Les membres des comités de direction, administration et surveillance

L’entreprise qui choisit de définir sa raison d’être selon les lignes directrices énoncées par la loi PACTE va pour cela impliquer diverses parties prenantes dans ce projet. Les membres des comités et conseils de direction, administration et surveillance seront particulièrement concernés par la raison d’être.

Rôles du top management de l’entreprise dans la raison d’être

La raison d’être devant représenter directement l’identité profonde de l’entreprise, il sera indispensable que les membres des différents comités de direction de l’entreprise soient impliqués dans le projet. Le top management devra en effet jouer un rôle à la fois dans la définition de la raison d’être, qui deviendra le cap à tenir dans toutes les prises de décisions stratégiques par la direction, d’où l’implication directe de cette dernière.

Les organes de direction devront donc être impliqués dès le comité de pilotage en charge du projet de définition, et ensuite piloter le déploiement de la raison d’être dans une logique long terme. Si l’entreprise choisit, en plus de définir sa raison d’être, de se doter du statut d’entreprise à mission, alors l’inscription de la raison d’être aux statuts mobilisera à nouveau le top management.

Le Conseil d’Administration

Le Conseil d’Administration de l’entreprise est l’organe qui représente ses actionnaires et contrôle les actions menées par les membres de sa direction. C’est le premier organe concerné par la raison d’être, puisqu’il aura la responsabilité de veiller à ce que la raison d’être soit définie de manière pertinente et en adéquation avec le projet à long terme de l’entreprise.

Si toutefois les fondateurs de l’entreprise sont encore présents au sein du Conseil d’Administration, il sera d’autant plus pertinent qu’ils précisent le sens voulu lors de la création de l’activité. La raison d’être concernera d’autant plus le Conseil d’Administration qu’elle deviendra sa boussole dans toutes les décisions stratégiques qu’il prendra à l’avenir.

La loi PACTE mentionne d’ailleurs précisément que le Conseil d’Administration agit « conformément à son intérêt social (celui de l’entreprise), en prenant en considération les enjeux sociaux et environnementaux de son activité […] et prend également en considération, s’il y a lieu, la raison d’être de la société définie ».

Le Comité de Direction

Le Comité de Direction, appelé aussi Comité Exécutif, pilote la stratégie de l’entreprise dans ses activités. Vis à vis du projet de raison d’être, il sera donc un organe clé dès la définition de celle-ci, puisque ses membres sont les mieux placés pour avoir la vision macroscopique de l’entreprise. Cette ‘big picture’ permet de s’assurer que la raison d’être choisie correspond à une vraie réalité globale.

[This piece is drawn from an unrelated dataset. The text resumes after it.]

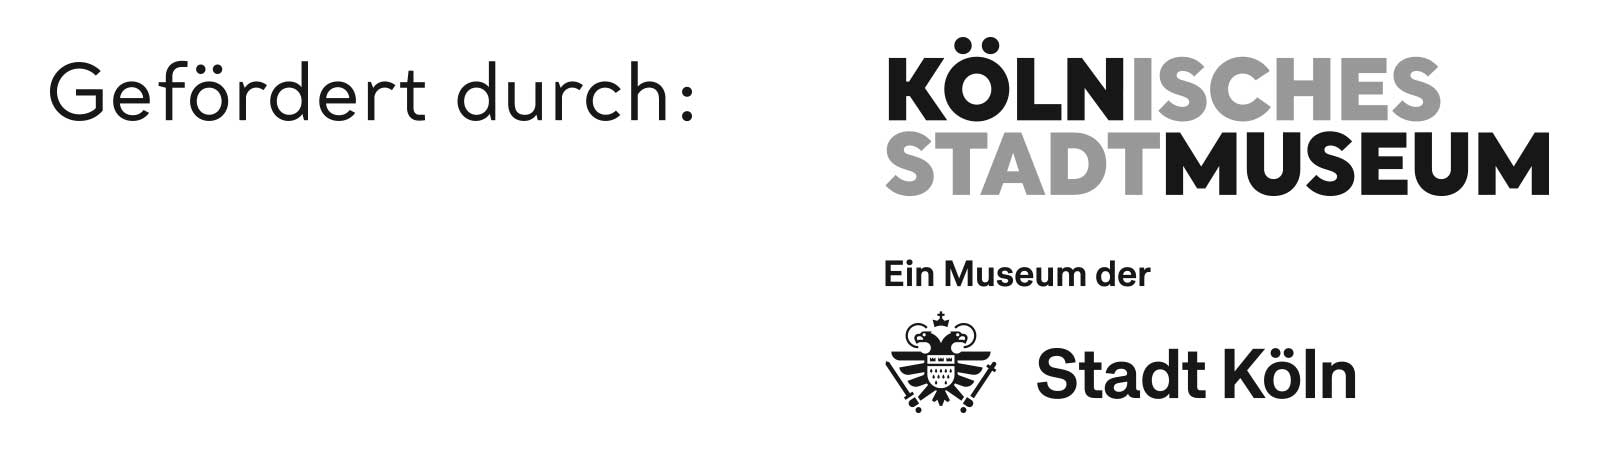 Logo gefördert durch Kölnisches Stadtmuseum, ein Museum der Stadt Köln

Le comité de direction devra ensuite s’assurer que la raison d’être est déployée au sein de la structure, en donnant les grandes lignes directrices et les orientations stratégiques. A chaque fois qu’il se réunira, il devra garder en tête ce nouveau cap pour prendre ses décisions.

Le Conseil de Surveillance

Le Conseil de Surveillance est l’organe non-exécutif qui veille au bon fonctionnement d’une entreprise en rend compte à ses actionnaires. Il sera concerné par le choix de la raison d’être puisqu’il devra s’assurer que l’entreprise est bien en phase avec. Il ne sera donc pas forcément impliqué dès la phase de définition, mais aura plutôt un rôle en aval, une fois le déploiement opéré, pour s’assurer que les grandes décisions stratégiques sont bien alignées avec la raison d’être.